Identifying misinformation or fake news online is the first lesson that we aim to teach the younger generation. In order to do so, we propose a game (quiz) backed by a module in the web app running artificial intelligence natural language processing (NLP), which will help students identify attributes of fake online content. It will be a point-based system as shown in Figure 10 that works as follows:

· Each student is shown some claims and articles from three potential evidence links3. It is important to note that each evidence link belongs to either a “blacklist” or a “whitelist,” where the blacklist contains convincing articles but from untrustworthy sources and the whitelist contains articles from trustworthy sources such as verified fact-checking websites. Both the blacklist and the whitelist would be predetermined by us. For instance, a URL such as http://Network-Channel-Wereblogs.com will be blacklisted as opposed to a trusted url such as http://bbc.com.

Figure 9. Working of the “Help” function; this figure is best read in colour.

Figure 10. Scoring scheme for the game.

· Each student will be asked both to assess the truthfulness of a statement made online and to reflect on the origin of their conclusions. Basically, given a claim and the three evidence articles, the student now needs to classify the claim as fake or true and select an evidence link from the provided list that they believe is a valid evidence and can back their decision. To avoid confusion, there will be only one whitelisted evidence link among the provided list of articles.

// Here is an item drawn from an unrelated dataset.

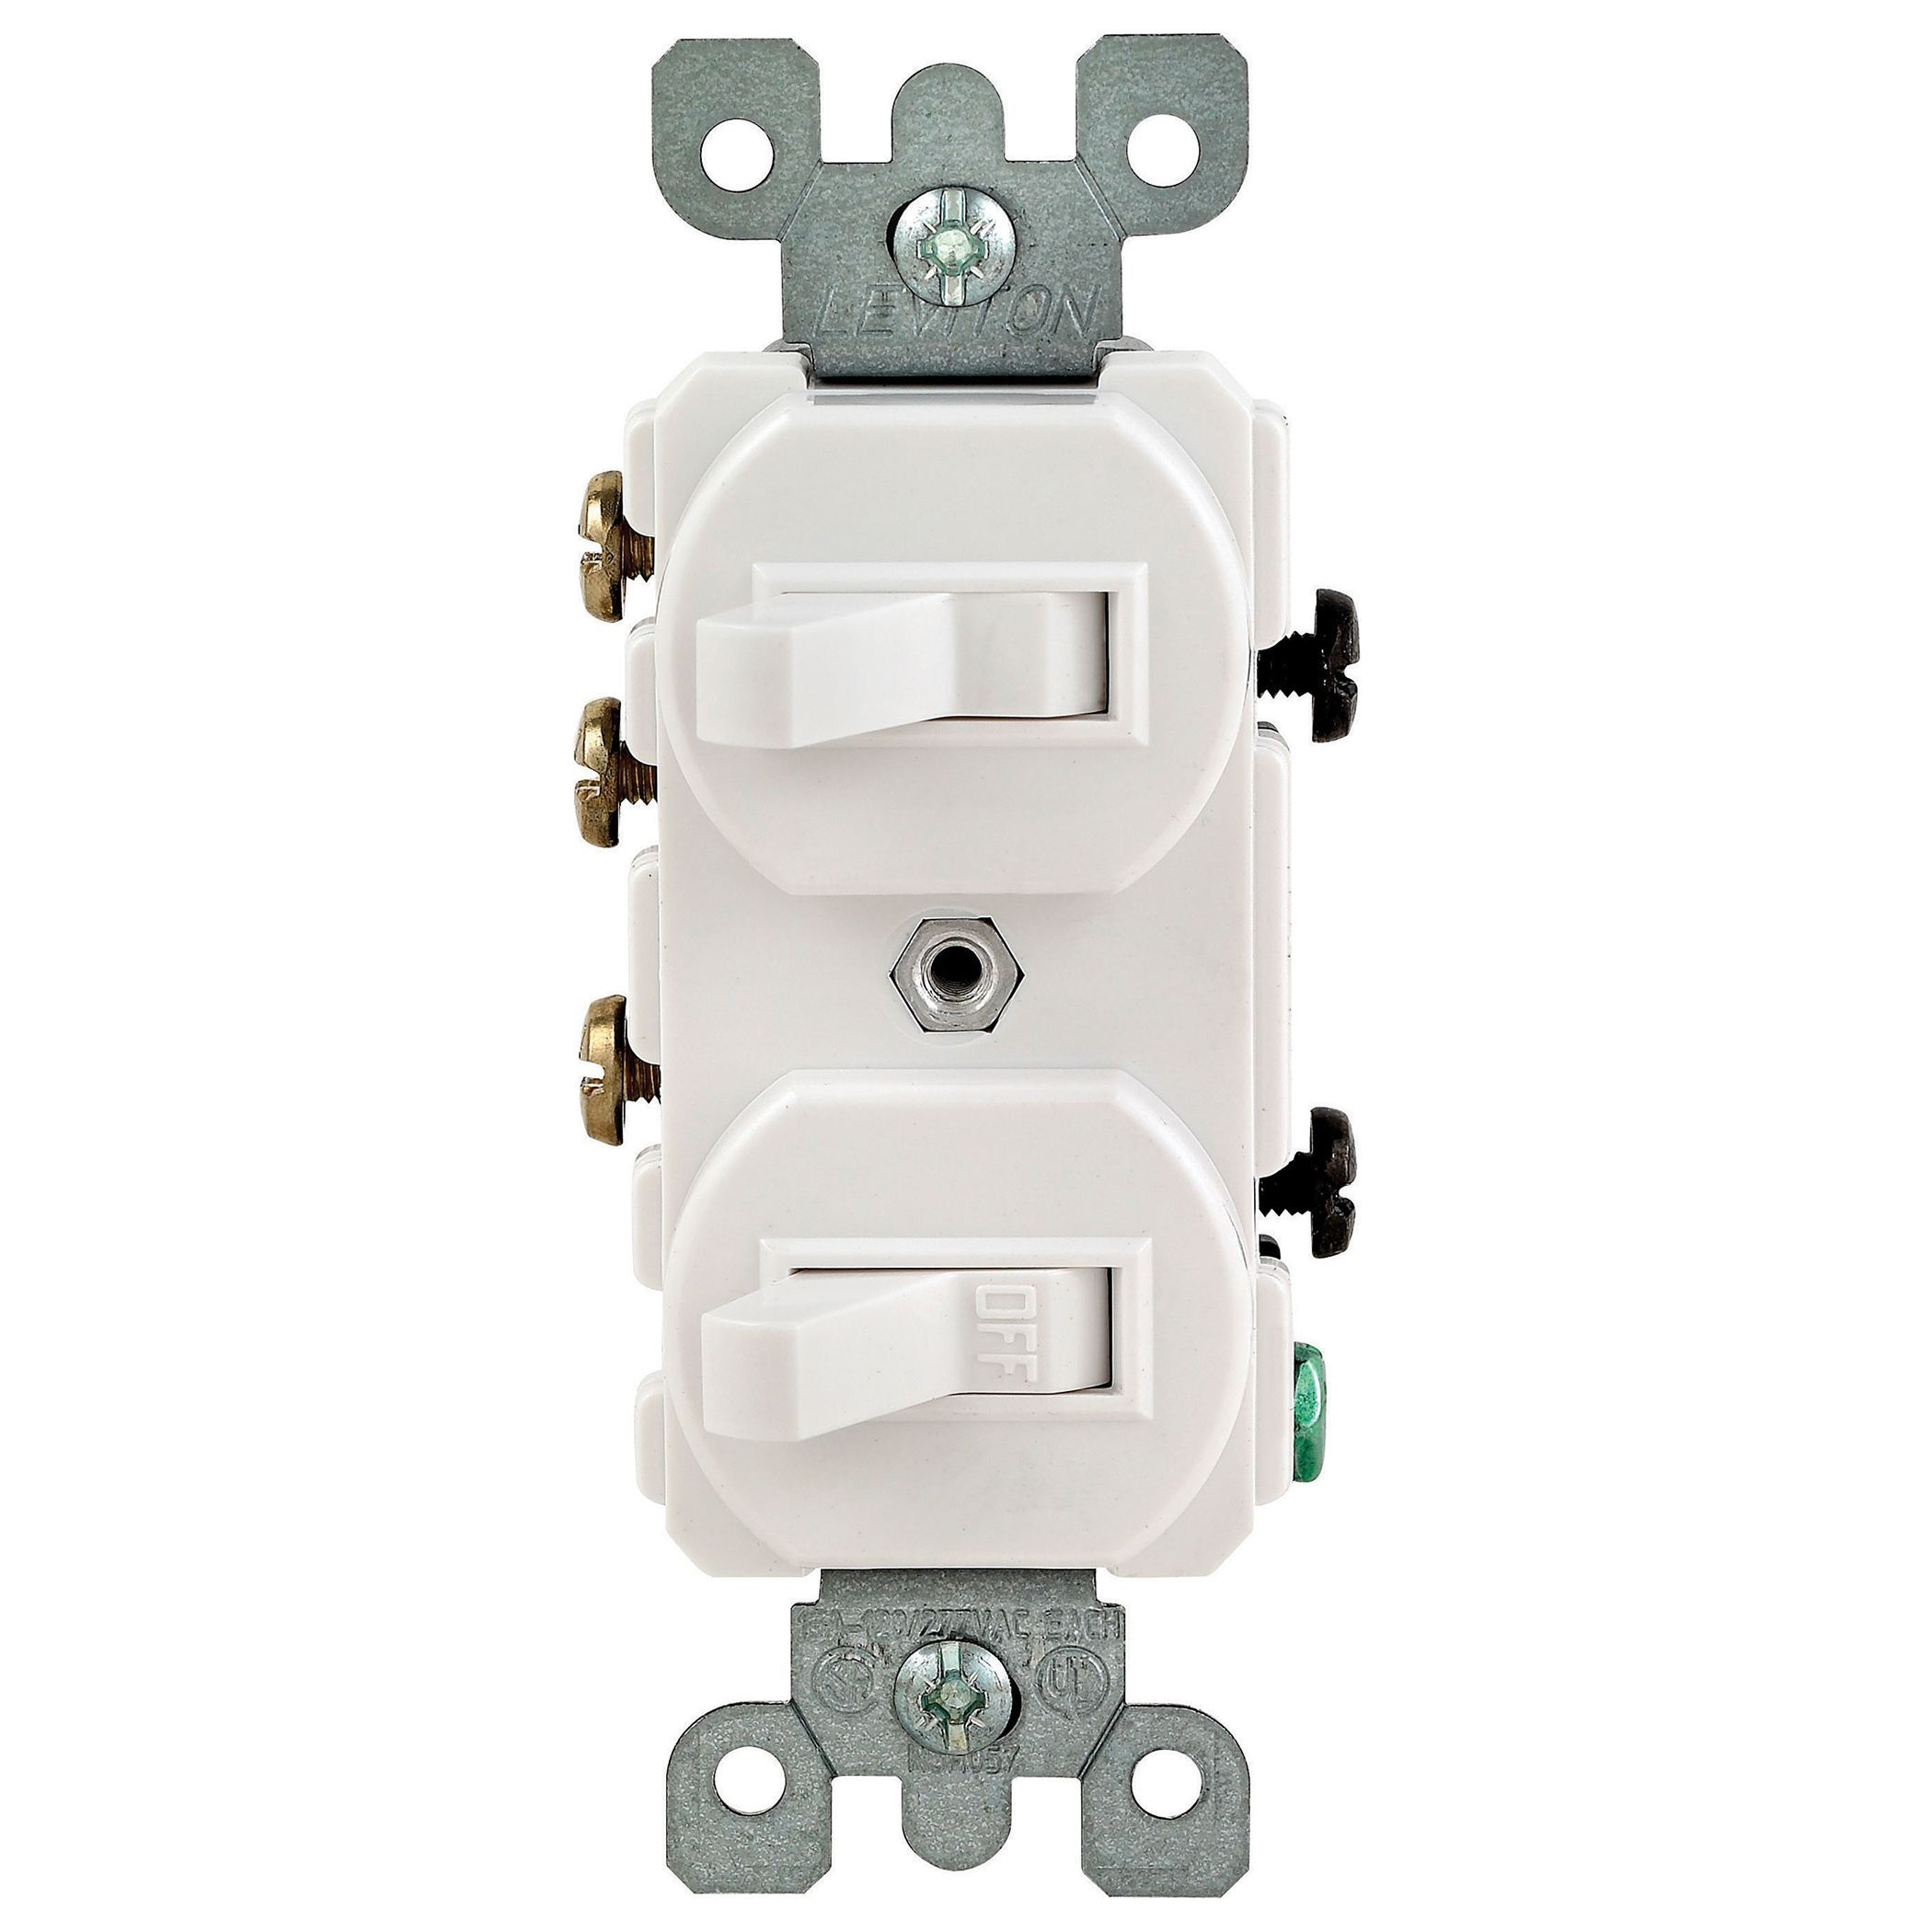 Leviton R62052410WS White Commercial Grade 3Way AC

For each claim, there will be a “Help” checkbox (described in more detail in the following subsection), which when chosen, will highlight important chunks in the provided text as shown in Figure 9. A scoring system could be introduced if running the quiz as a game. For instance: each correct answer scores +2 points, whereas each incorrect answer scores 0; furthermore, they lose 1 point if they select a link from the blacklist, and 0.5 point if they choose a link that is neither in the blacklist nor the whitelist. A leaderboard will be maintained for the entire class with the student with the most points on top.

A student is, therefore, forced to develop the required “fact-checking” skills while competing with their classmates. We believe that gamification of the idea will encourage students to really focus on the given task, which in turn, will help them identify the attributes of fake content online. We now briefly discuss the NLP-based backend for the proposed game.

Long Short Term Memory w/Attention

Our NLP-based backend is constructed in order to run the “Help” button, which assists students in learning which parts of an article may be most relevant when assessing the truthfulness of a claim. Basically, we are designing an algorithm (see Figure 11) which both predicts whether a given source is truthful or not and which also identifies the origins of that conclusion. This is achieved through a machine learning process, via an approach which makes use of neural networks.

Figure 11. Algorithm for the “Help” feature.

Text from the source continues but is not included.